═══ Data ═══
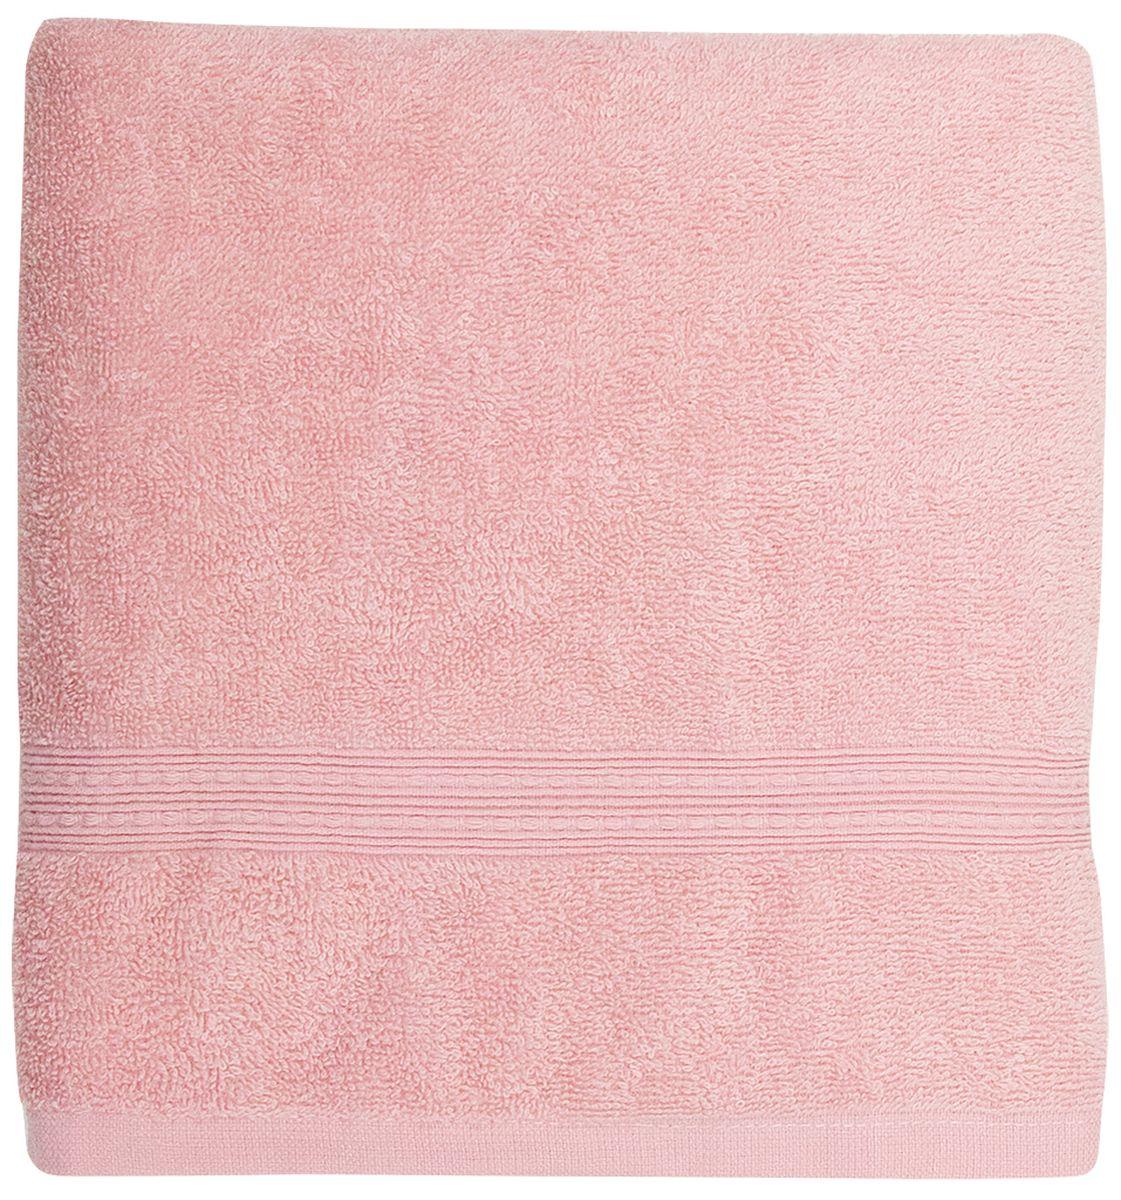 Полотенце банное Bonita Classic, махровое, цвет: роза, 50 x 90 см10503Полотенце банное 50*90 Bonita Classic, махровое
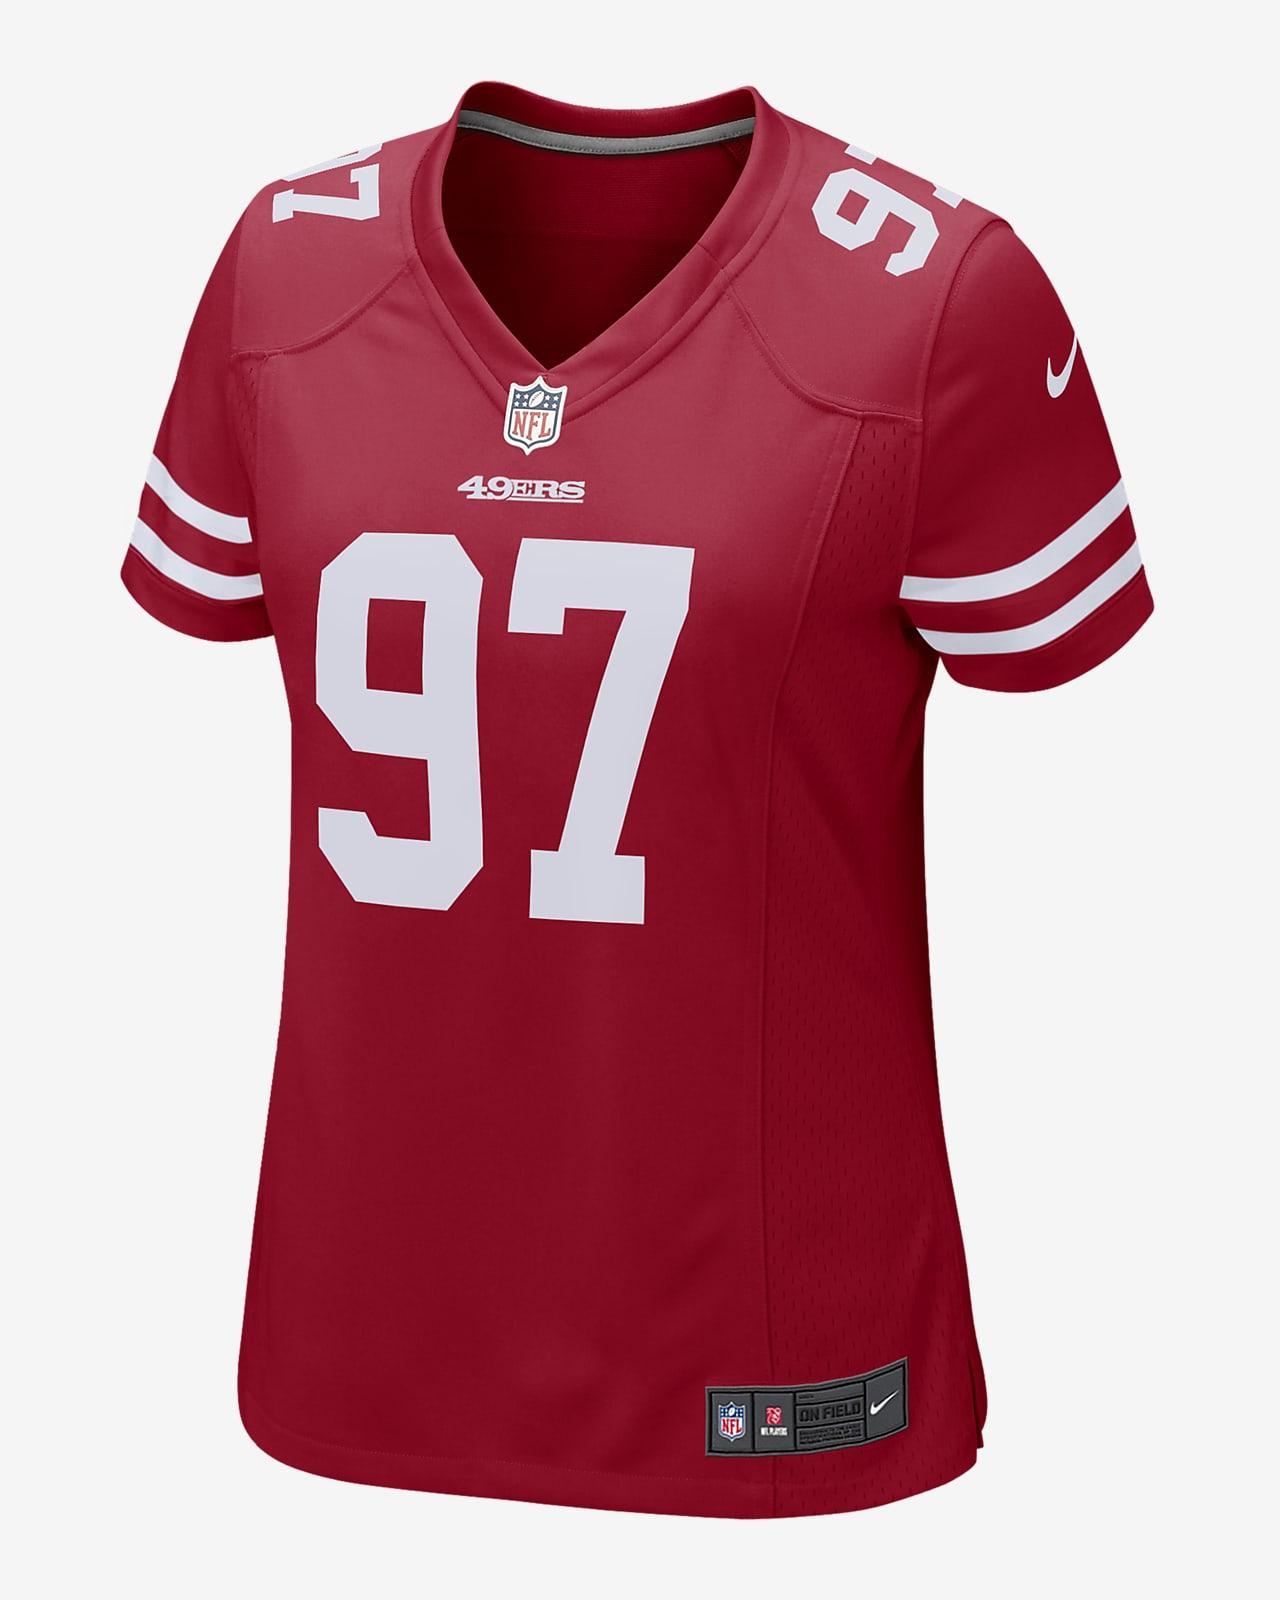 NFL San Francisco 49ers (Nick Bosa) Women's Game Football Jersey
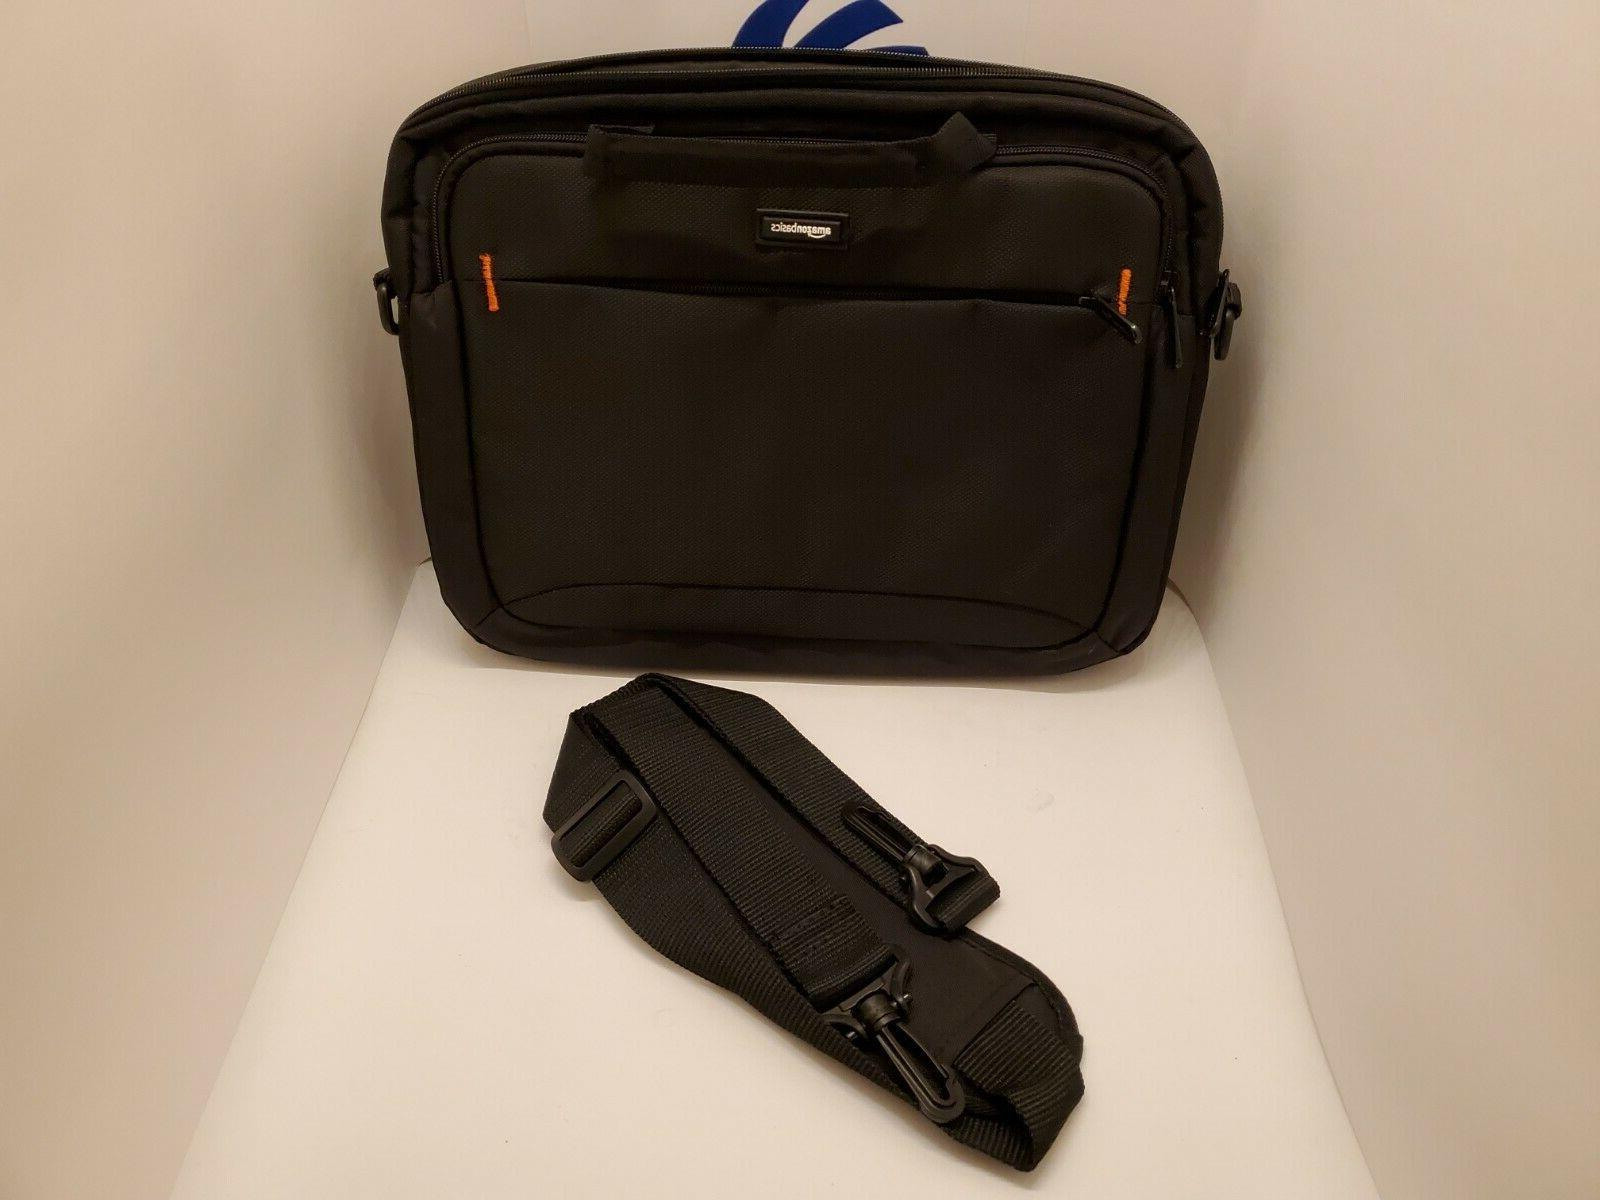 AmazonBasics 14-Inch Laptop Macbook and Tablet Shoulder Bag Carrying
═══
→ **Try it**
The whole listing above, minus its pictures, is what you should write out word for word.

→ **Your response**
 Полотенце банное Bonita Classic, махровое, цвет: роза, 50 x 90 см10503Полотенце банное 50*90 Bonita Classic, махровое
 NFL San Francisco 49ers (Nick Bosa) Women's Game Football Jersey
 AmazonBasics 14-Inch Laptop Macbook and Tablet Shoulder Bag Carrying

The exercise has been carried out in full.